EXERCISE DATA
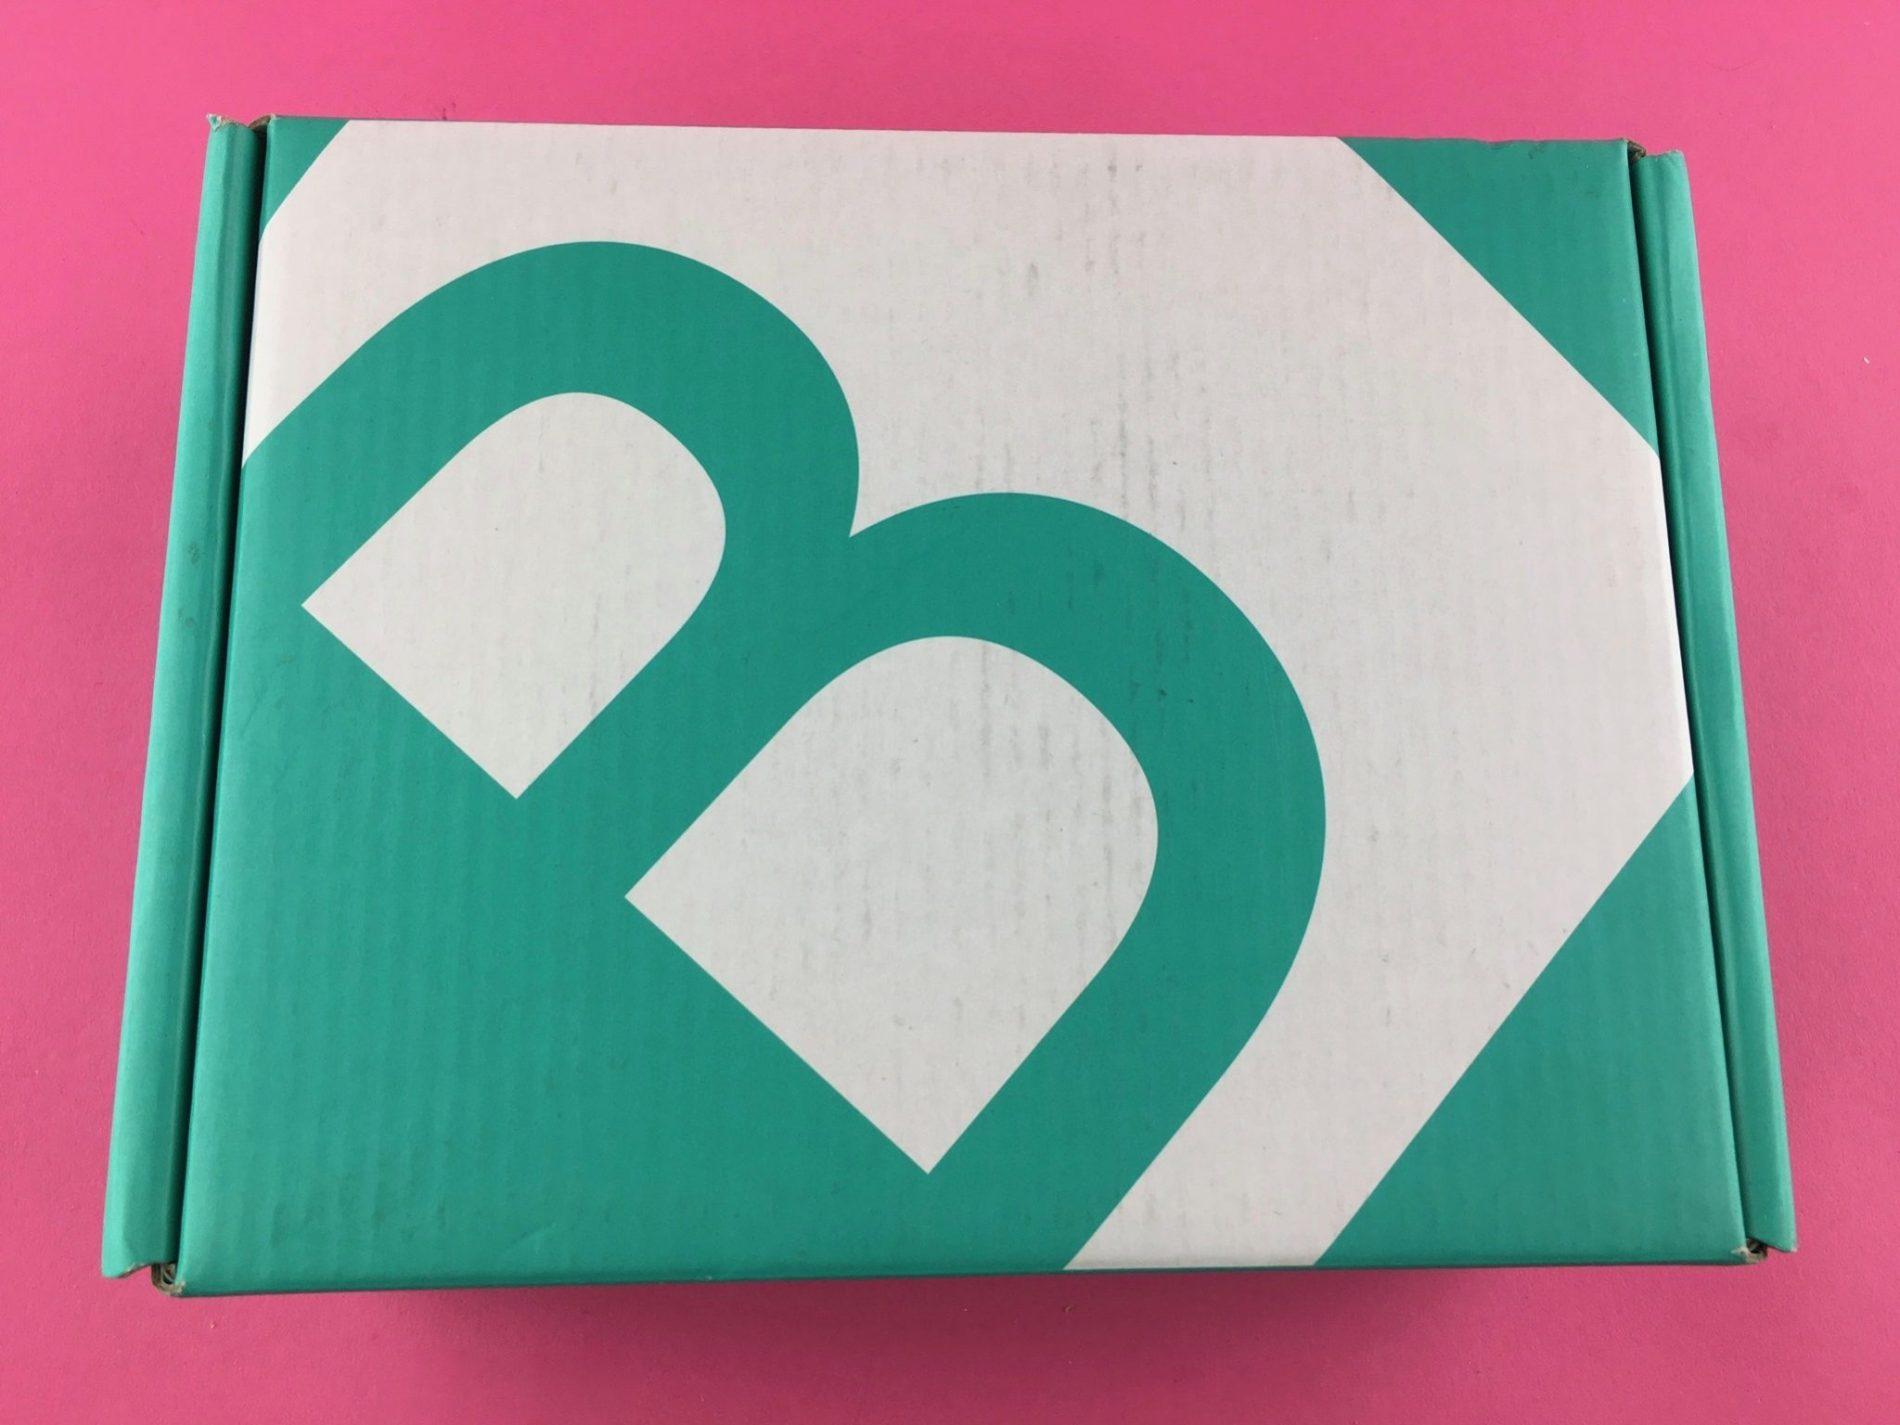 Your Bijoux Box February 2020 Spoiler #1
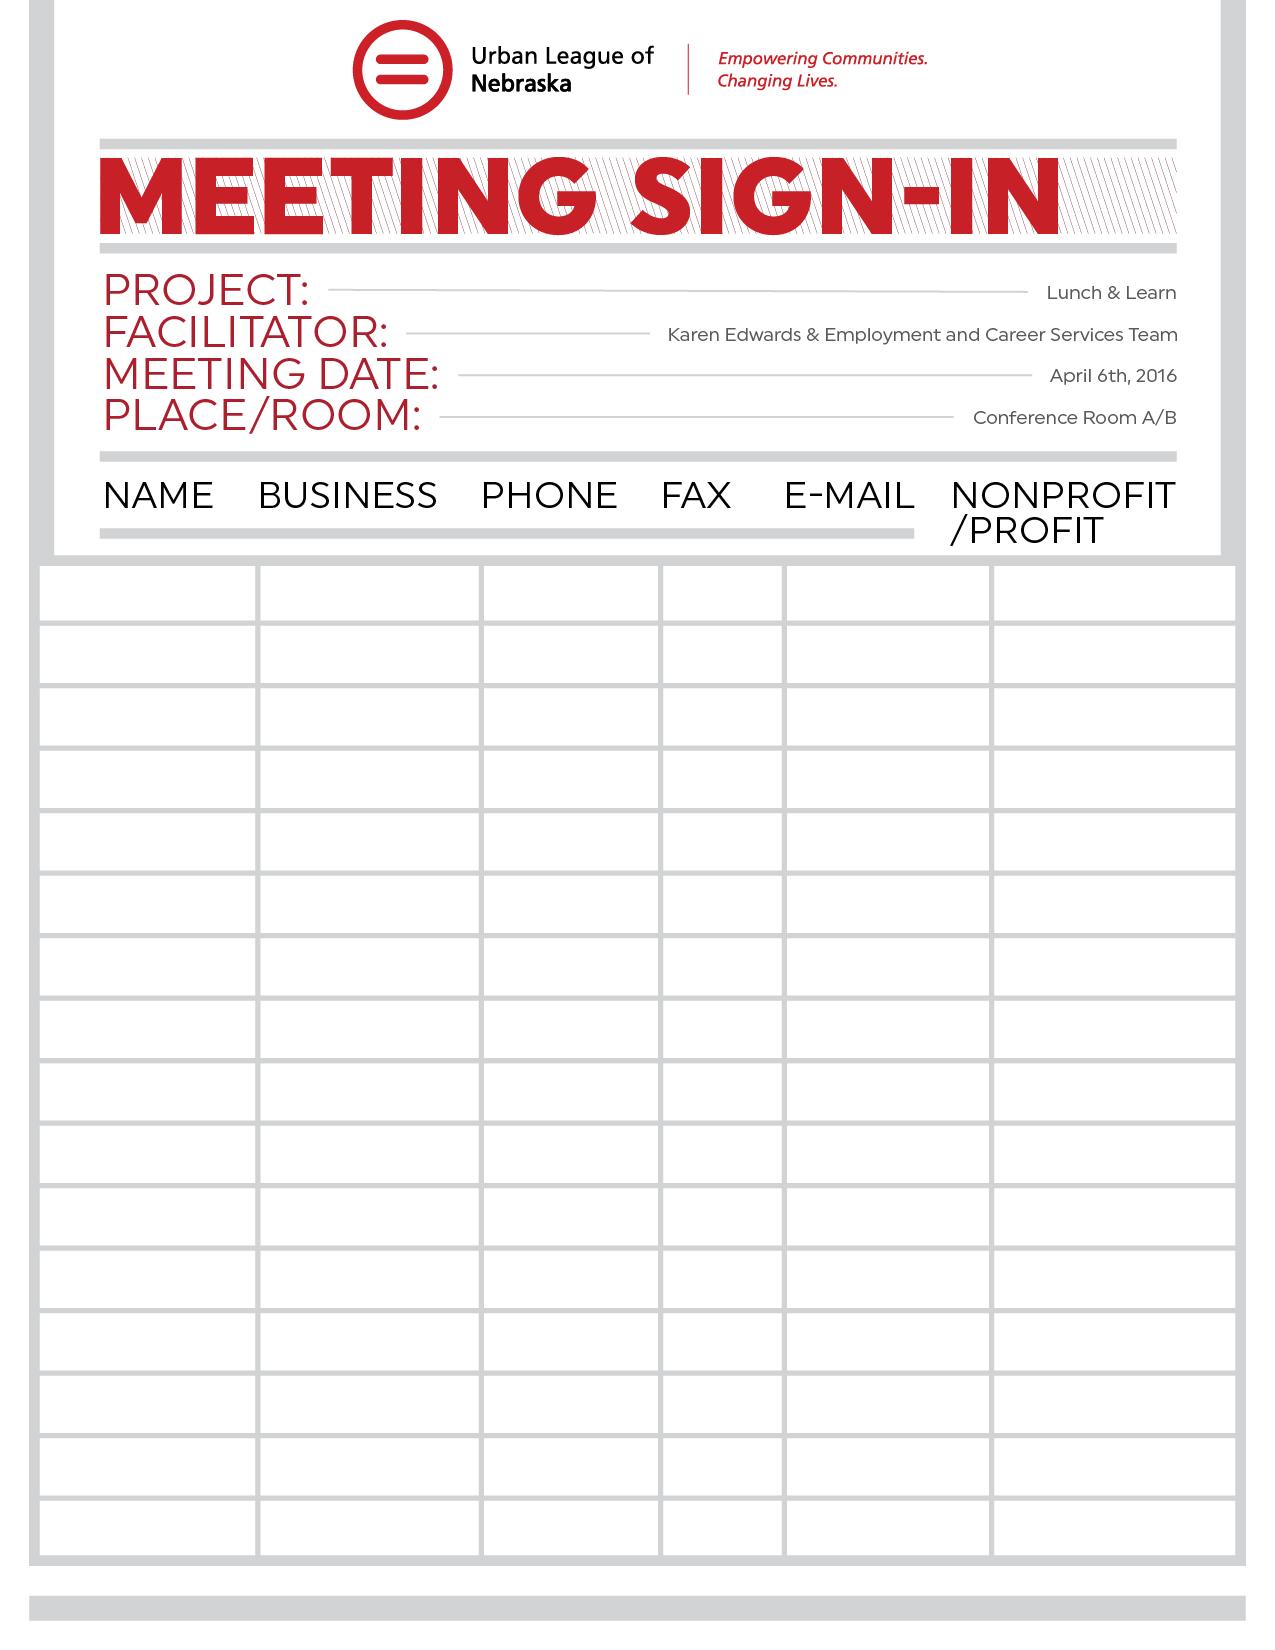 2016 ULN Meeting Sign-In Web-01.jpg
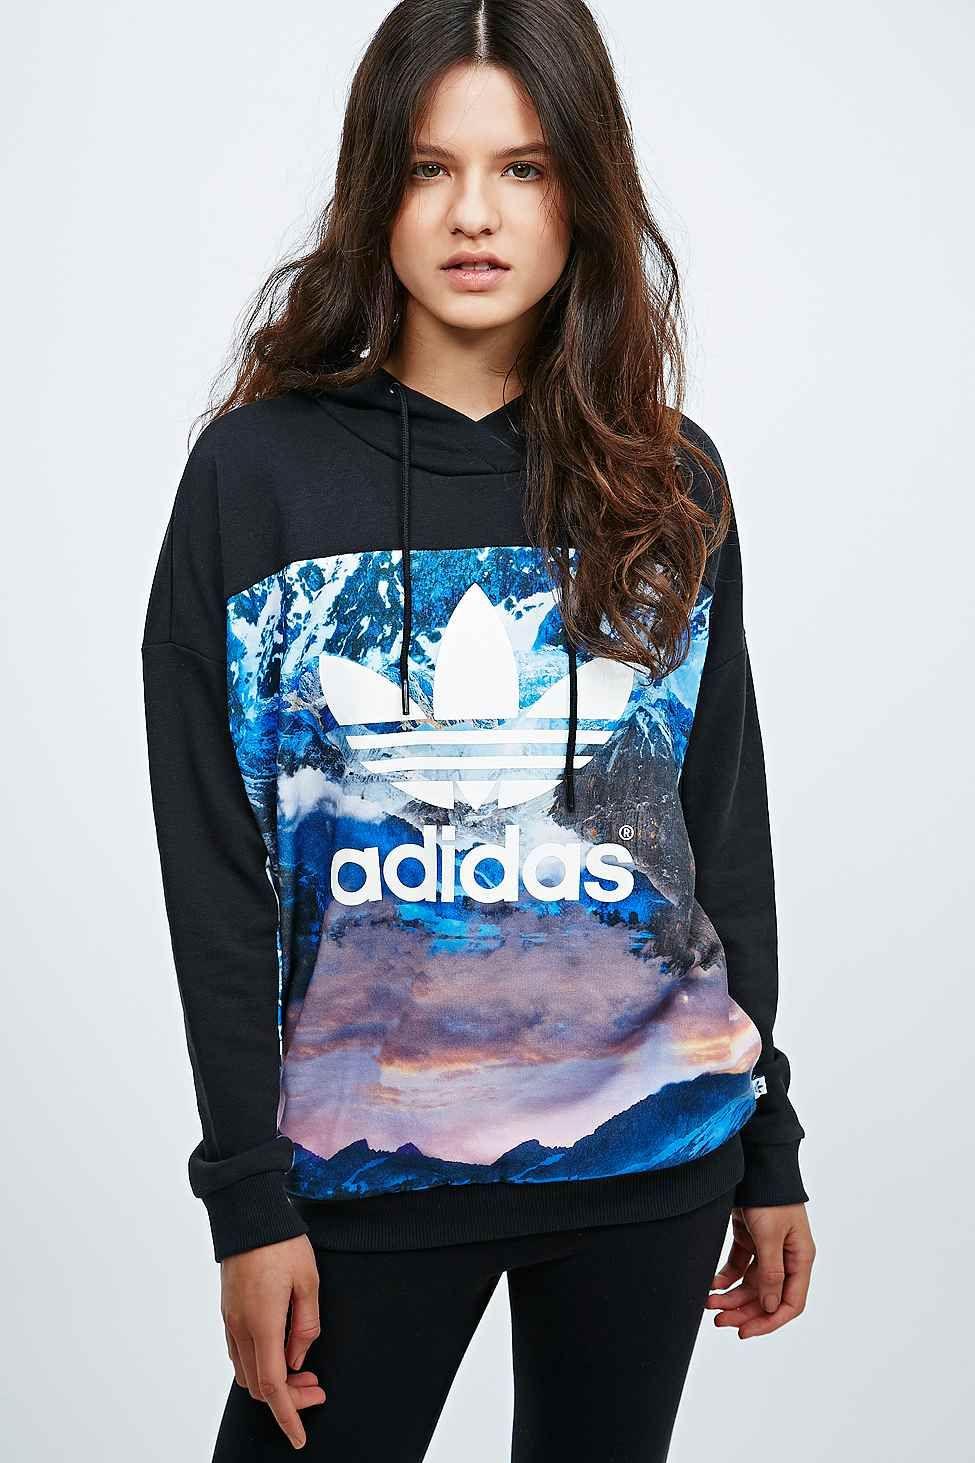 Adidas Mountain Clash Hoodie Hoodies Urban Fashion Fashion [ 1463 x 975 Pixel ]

EXERCISE BRIEF
Your copy of the listing should match it exactly, apart from the pictures, which are left out.

EXPECTED ANSWER
 Your Bijoux Box February 2020 Spoiler #1
 2016 ULN Meeting Sign-In Web-01.jpg
 Adidas Mountain Clash Hoodie Hoodies Urban Fashion Fashion [ 1463 x 975 Pixel ]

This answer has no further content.